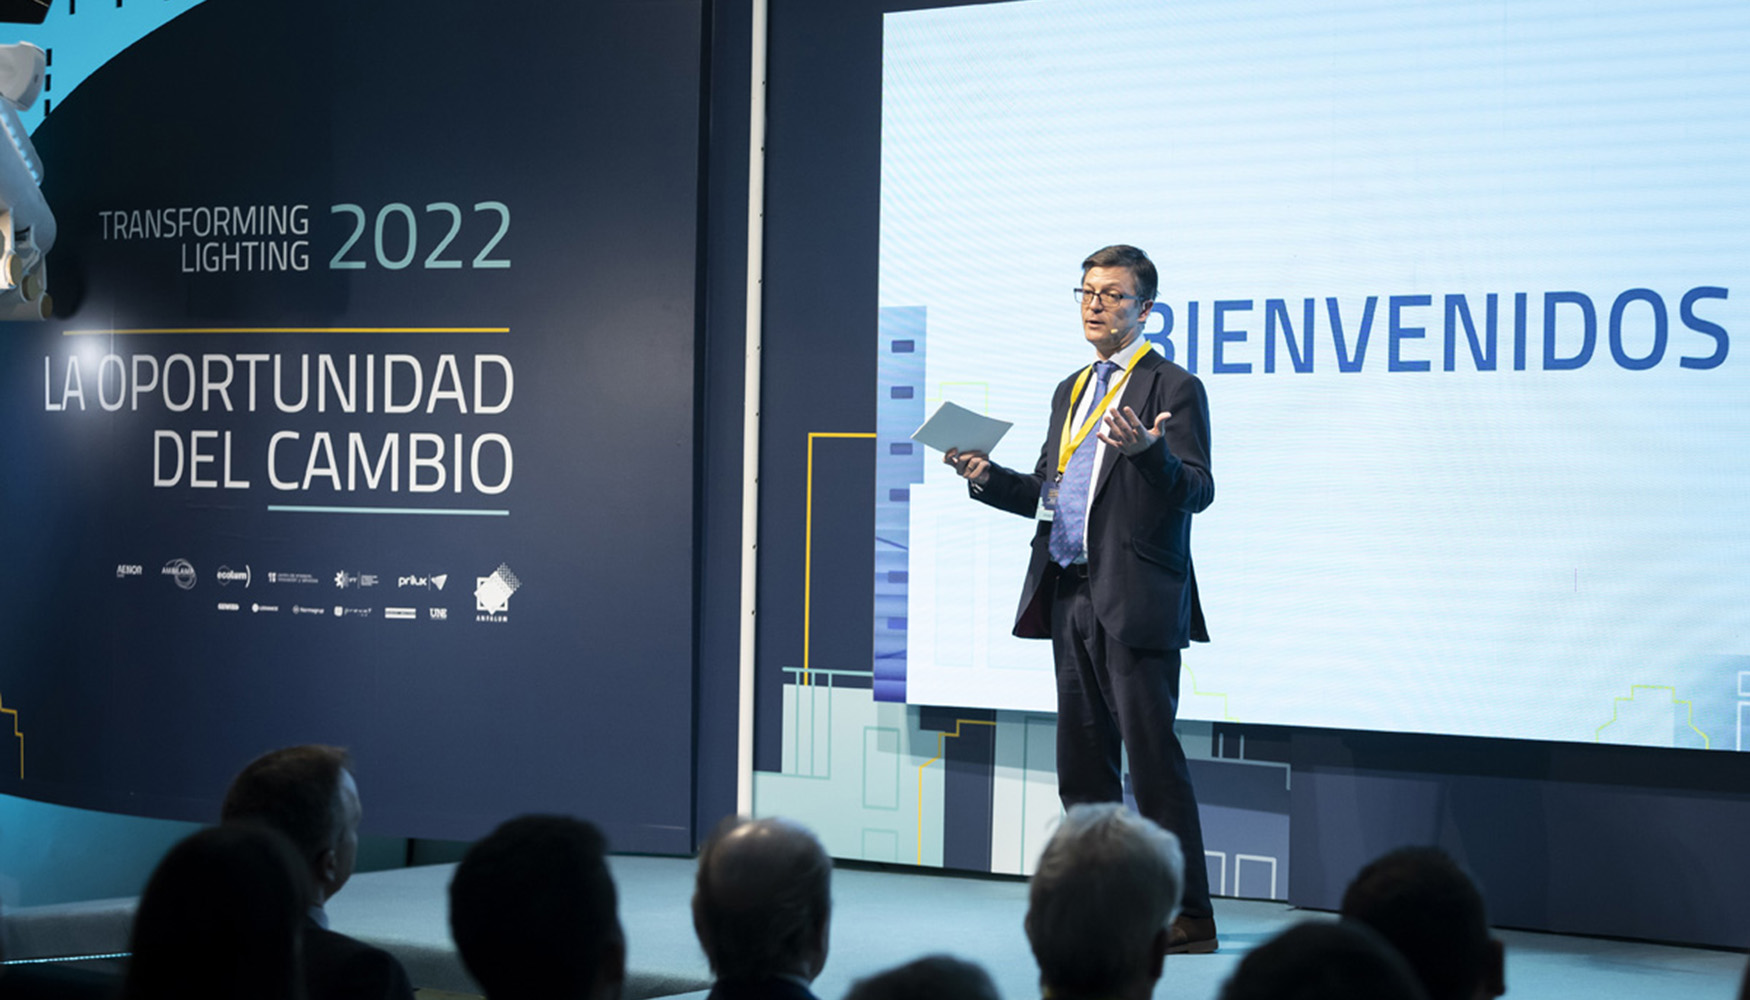 La inauguración de Transforming Lighting 2022 corrió a cargo de José Antonio Martínez Páramo...
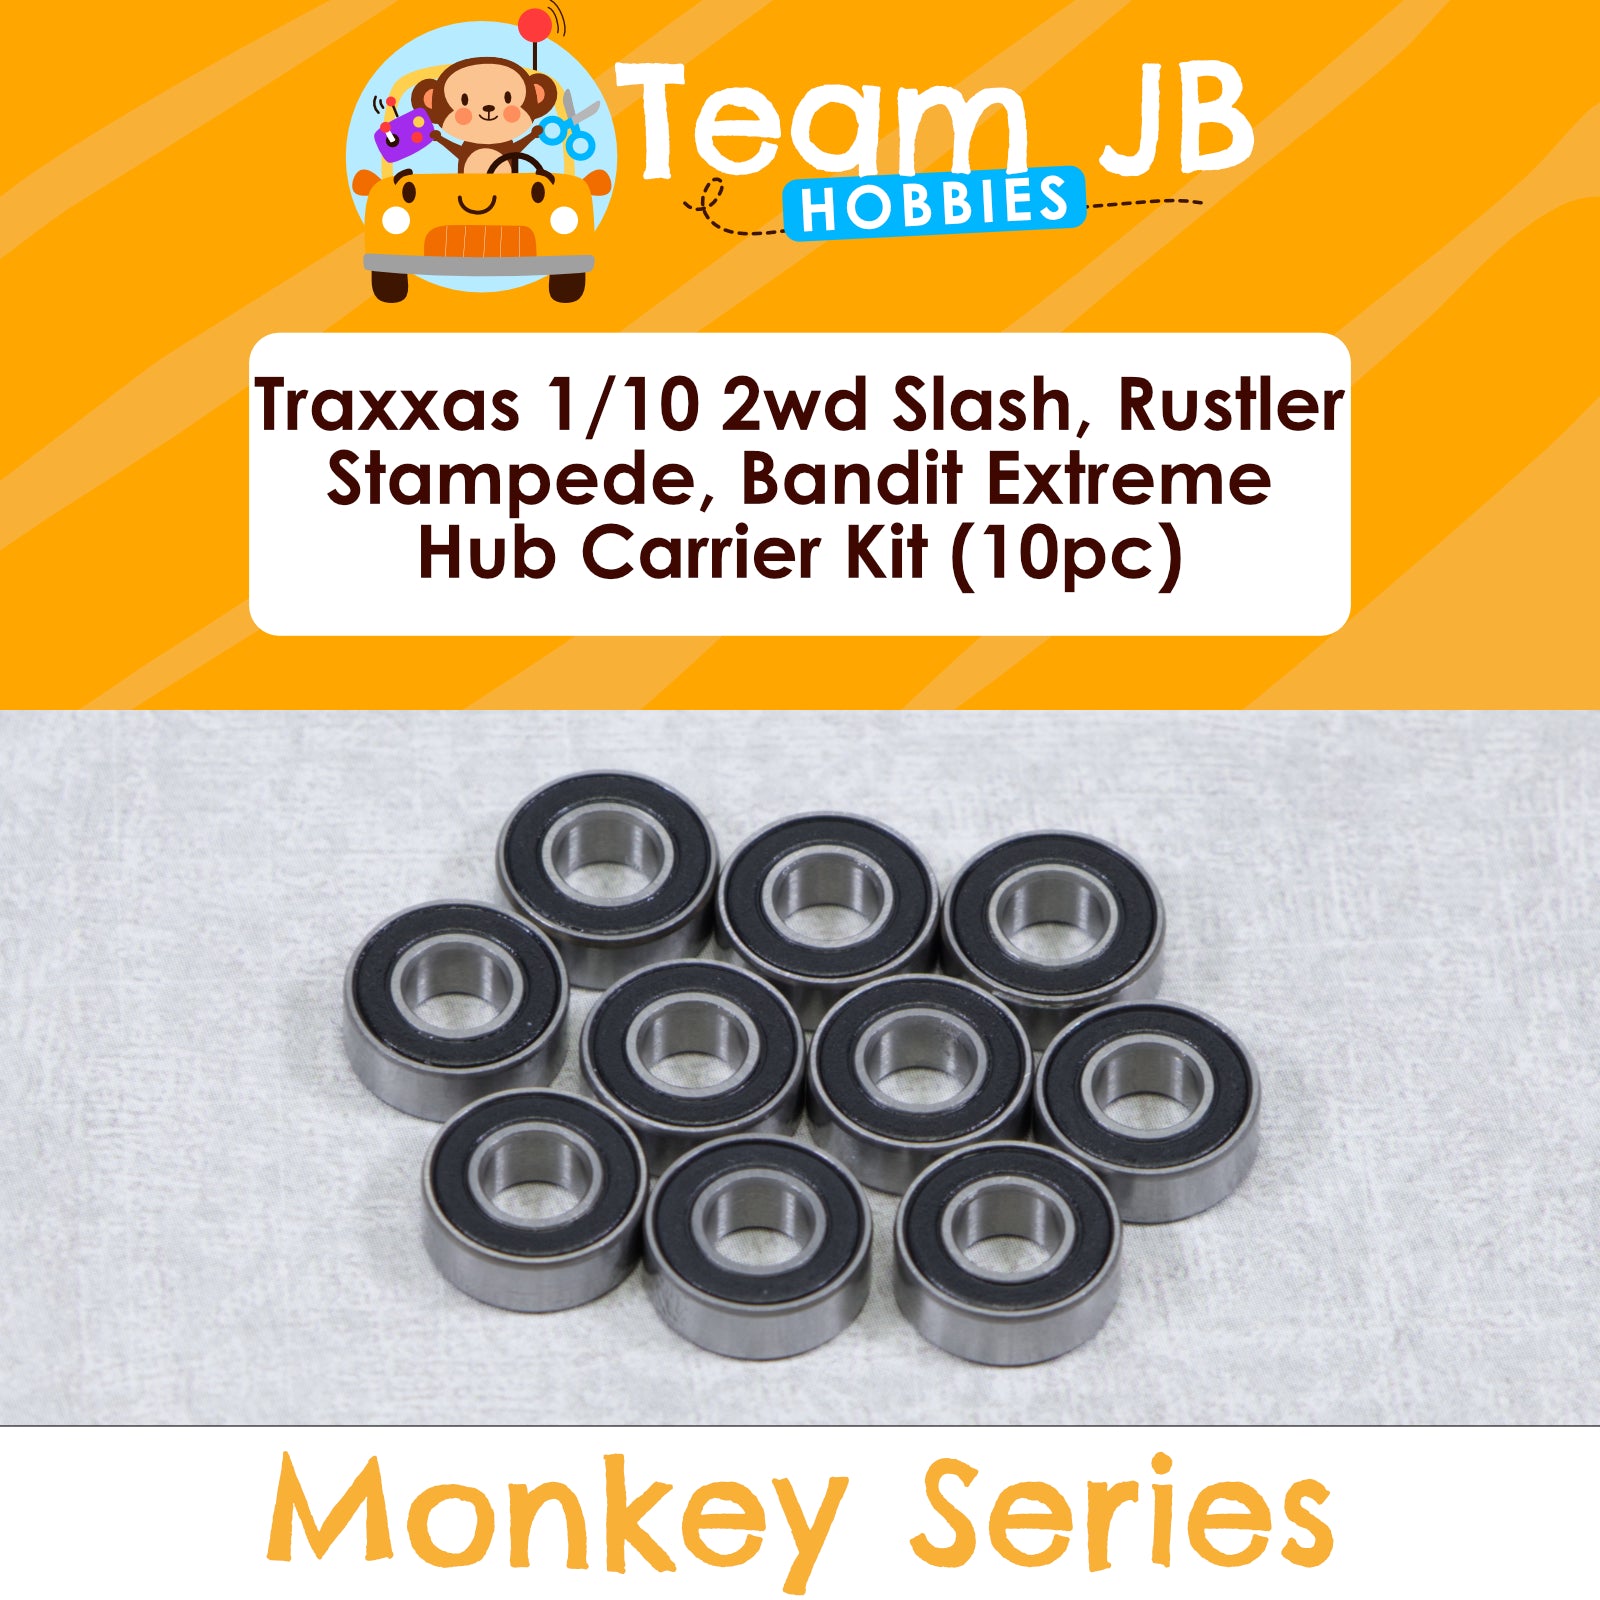 Traxxas 1/10 2wd Slash, Stampede, Rustler, Bandit Extreme - Sealed Hub Carrier Bearing Kit
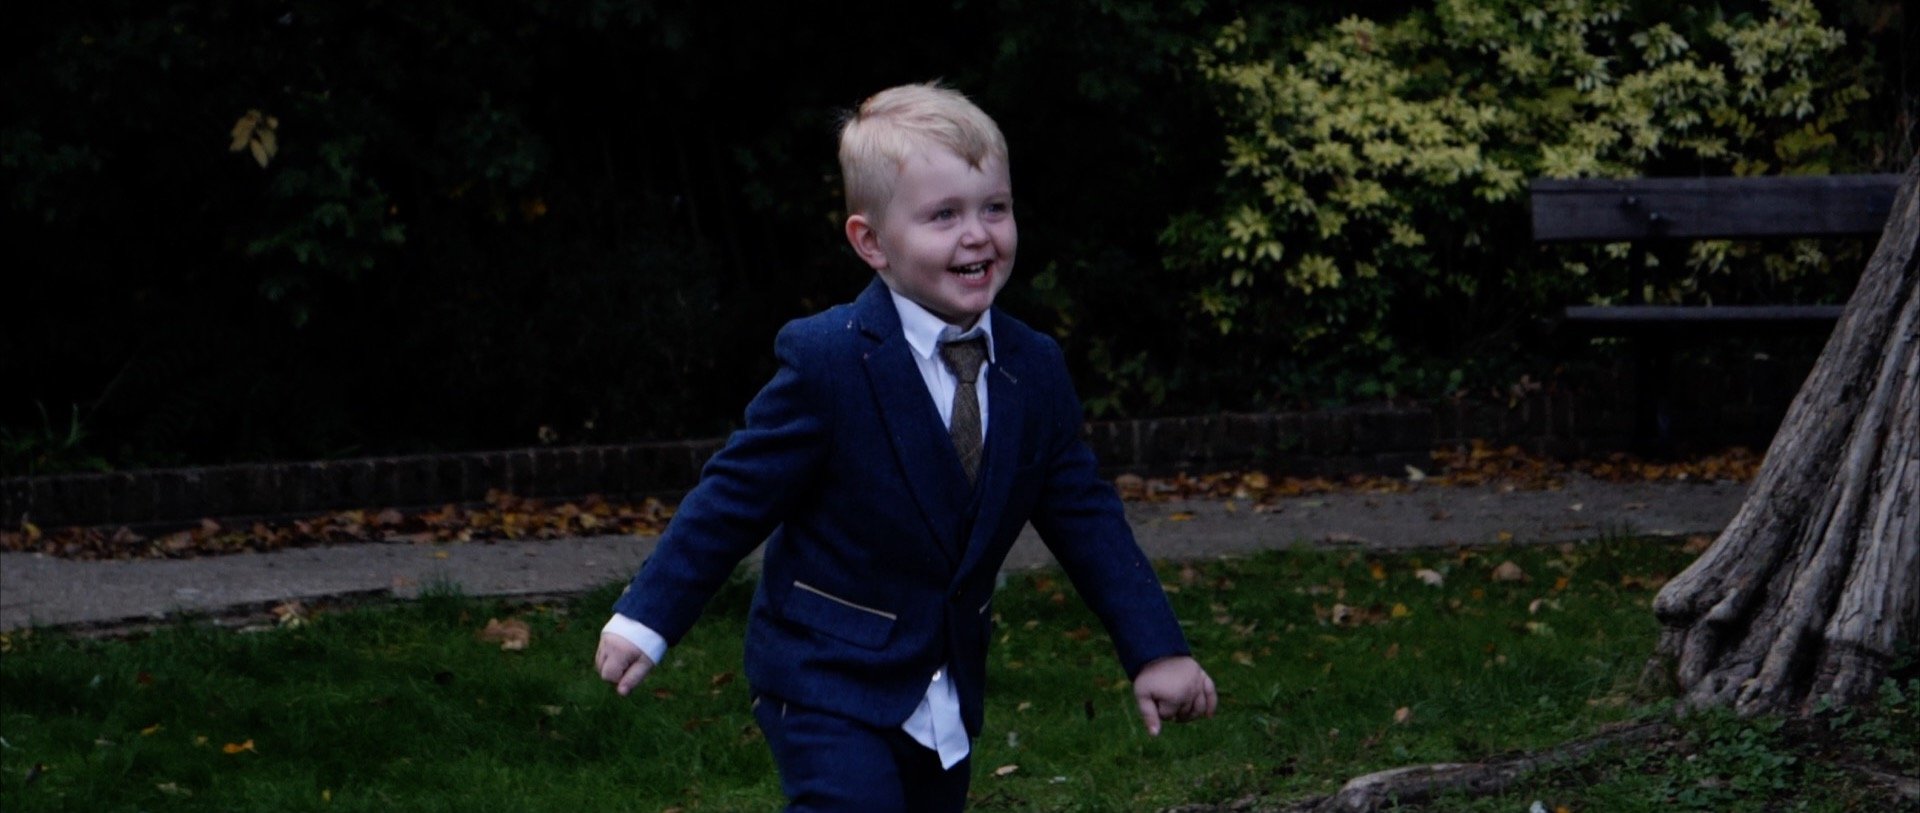 Little boy running at wedding in Essex.jpg

==============================

Each line from the one containing "Traxxas 1/10 2wd" through the last line of the listing is to be given again exactly, with no pictures and no other lines.

 Traxxas 1/10 2wd Slash, Stampede, Rustler, Bandit Extreme - Sealed Hub Carrier Bearing Kit
 Little boy running at wedding in Essex.jpg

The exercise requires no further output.